眼看着两桌要打起来,白逸赶紧站出来大喊一声:“别吵了!你们不要打架!
先动手的人交给我一百两银子啊,这些桌子椅子都是钱。”
没人听白逸的,两桌八个人打成一团,麻将全飞了,椅子也被踢到了院子墙角。
“别打了!钱,都是钱啊!”
大爷的,白逸心疼的把椅子扶起来,用袖子擦了擦。
既然如此他只能动用真理了,白逸加入了这场混战,他平均的给了在场的八个人每人一个过肩摔。
霄时云让他学这些关键时刻果然有些用处,八个人被摔的都不吵架了。
场面安静了下来。
白逸踹了一脚椅子说:“赔钱!一人交三百两银子!”
两个暗卫拦在门口,场面又乱了起来,白逸又挨个制服了她们一遍。
最后每个人都恨不得掐死对方,交了钱走了。
蹲在角落嗑瓜子的淑德皇贵妃站了起来,笑着落井下石的说:“一群傻子,皇上只喜欢我,看来她们什么都不知道,还有心情在这儿打架。”
她的话引起了白逸的注意,白逸像听了个笑话问:“霄时云喜欢你?”
“对啊,皇上天天晚上来我这里。”淑德皇贵妃毫不知情的炫耀道。
白逸原本还有些笑意的脸沉了下来,他说:“不可能,他晚上在书房处理政务。”
“处理政务?哈哈哈哈,你脑子没问题吧。”说着淑德把手上戴的镯子露出来给白逸看。
上好的羊脂玉镯子,在她那节细瘦的手腕上晃着,能看的出来这玉的品质是经过精挑细选的。
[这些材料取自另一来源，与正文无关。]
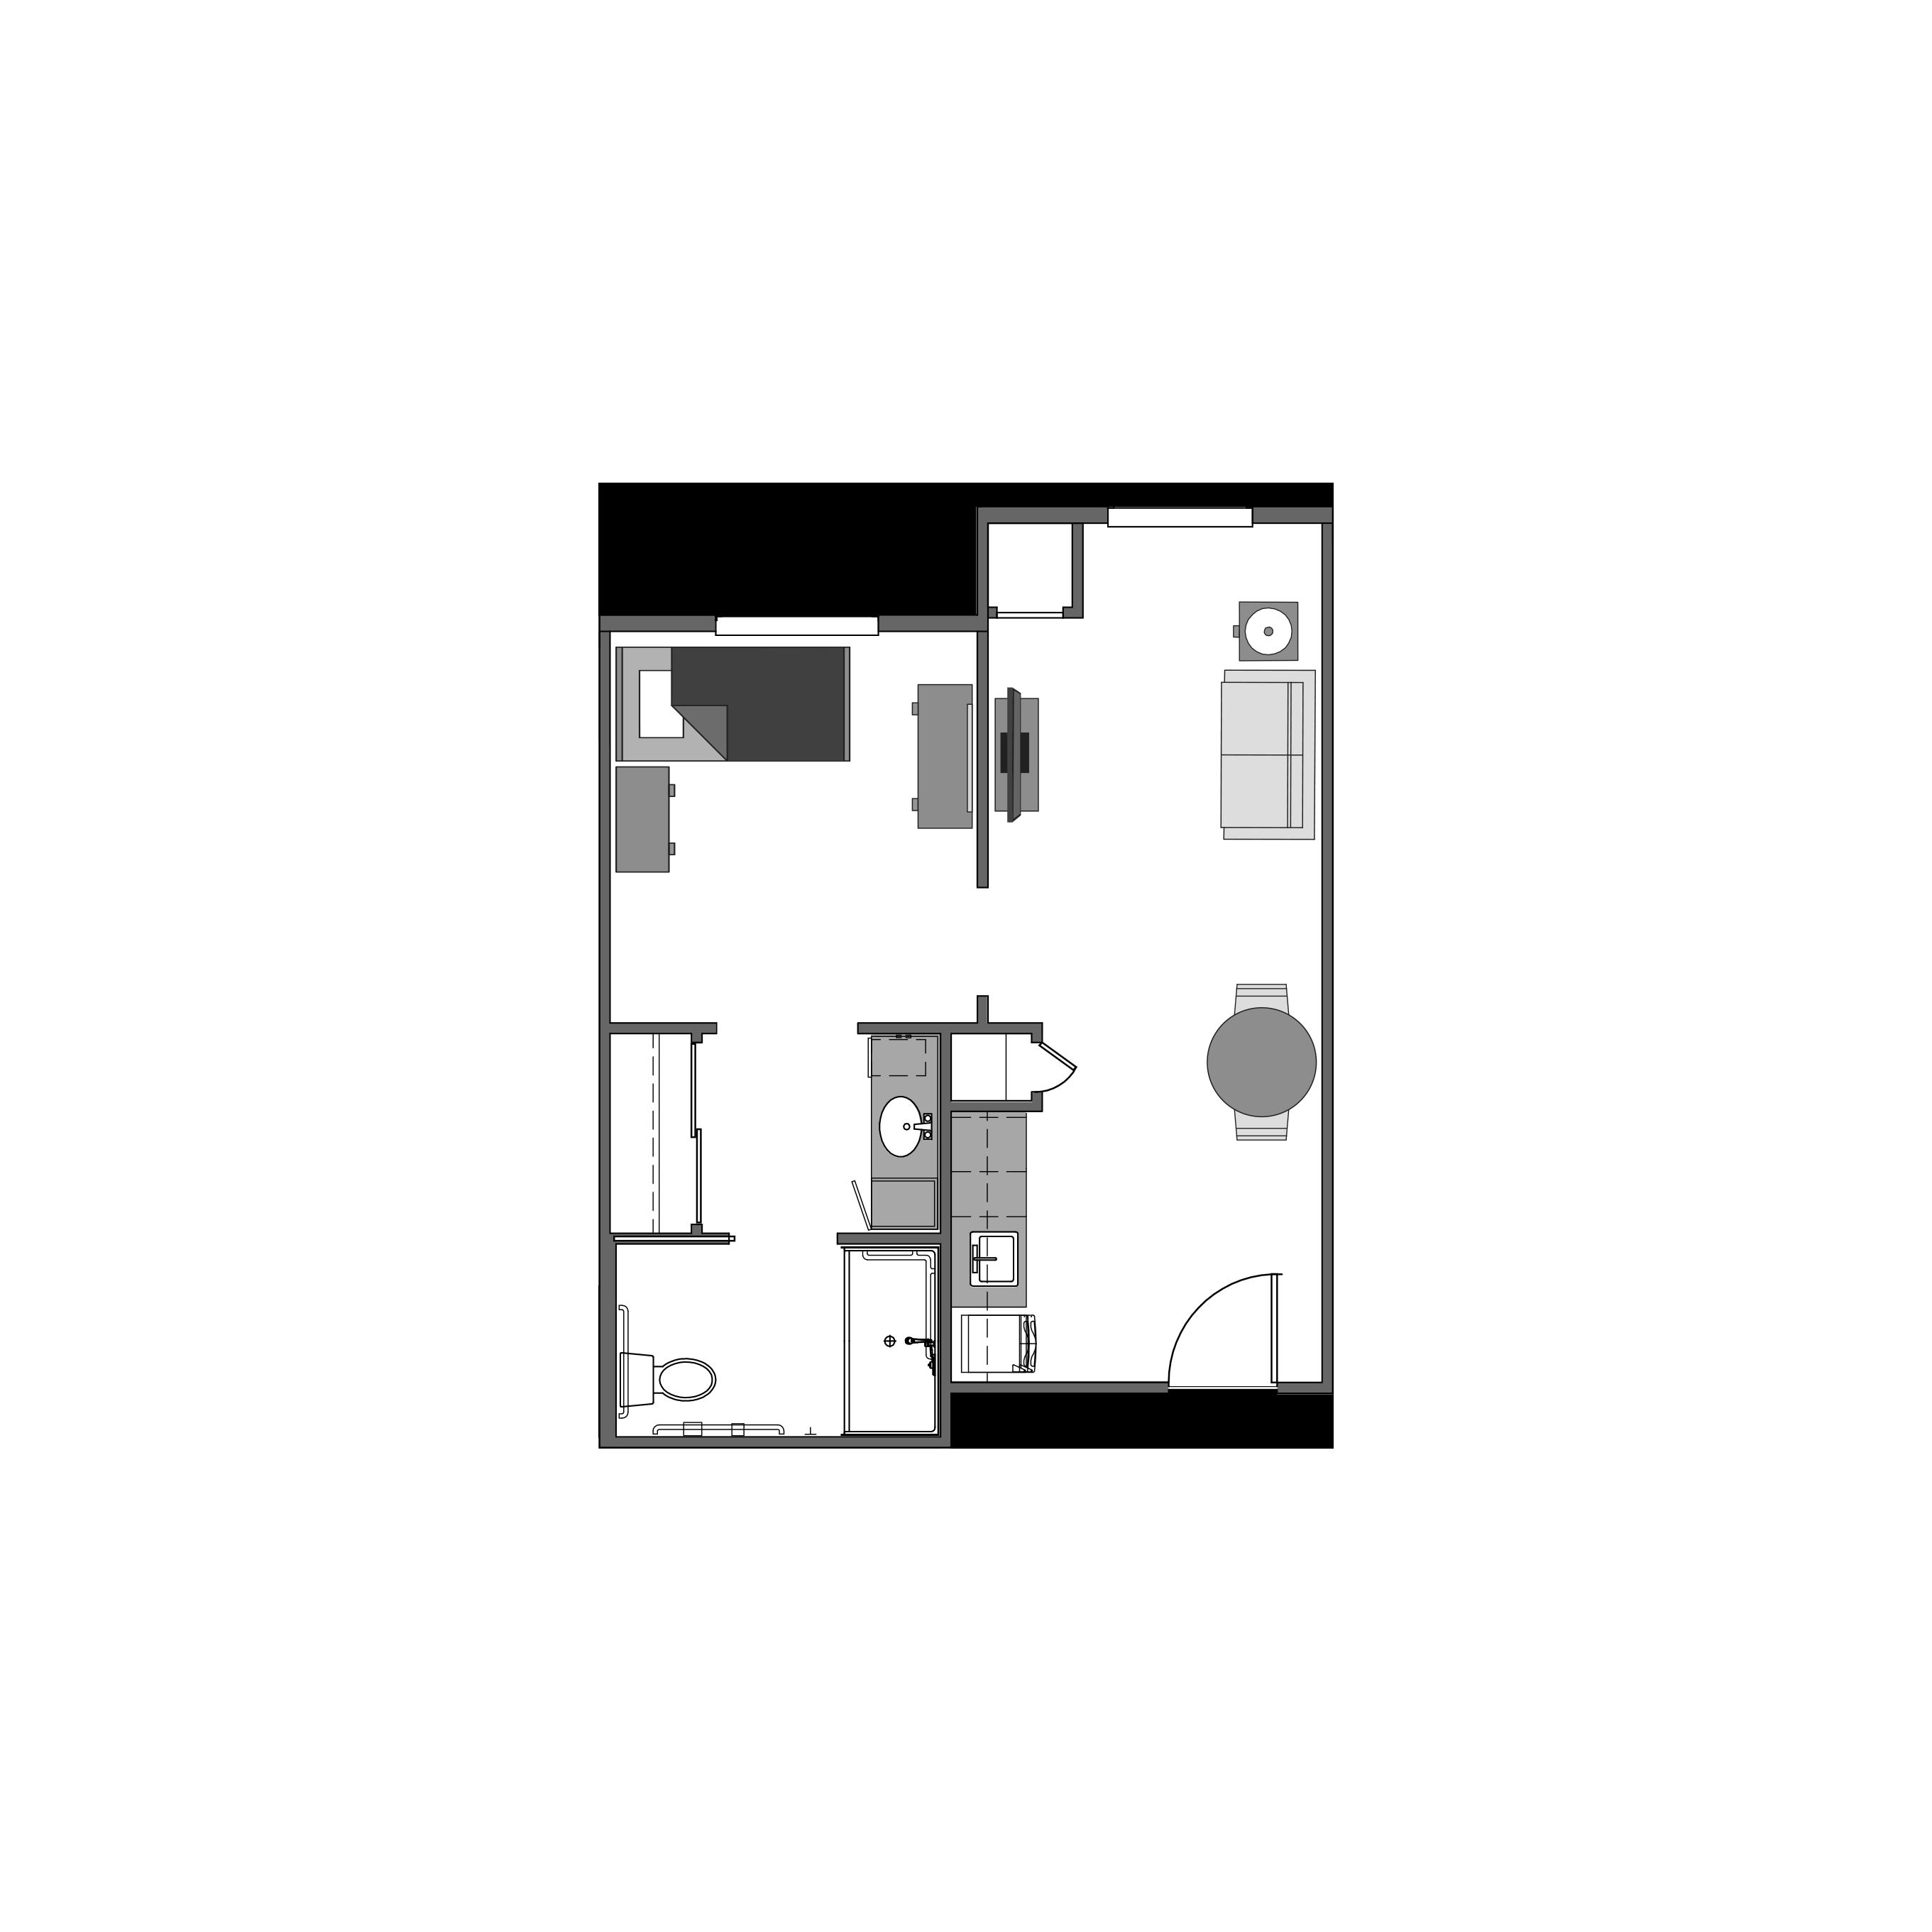 One bedroom floor plan, 470 square feet

“看见没,皇上送我的,不光送了这些,还有头上戴的身上穿的住的宫殿,看来你和她们一样什么都不知道。”
你和她们一样……白逸脸色有些发白,难道他对于霄时云来说,也不过是这这些妃子里的一个。
霄时云为什么不告诉他,送她这些东西也没什么,但是为什么不告诉他?
为什么他什么都不知道?白逸拽住淑德皇贵妃的衣领,一字一句的说道:“我不信,口说无凭还想骗我。”
淑德皇贵妃拂开他的手,嗤笑了声反问:“那你想想,每天晚上皇上都去了哪里?
都在我这里啊,什么政务需要三更半夜处理,不信就去问国福,问皇上。”
“你和他做了?”白逸已经退到了理智崩塌的边缘,稍微再往后一步便会摔得粉身碎骨。
淑德皇贵妃被白逸问到失神了一瞬,强颜欢笑的说:“你觉得呢?”
她看着白逸的手在颤抖心中有了底,她直视白逸的眼睛说了假话,“当然做了,皇上每晚都好用力,不过本宫很喜欢。”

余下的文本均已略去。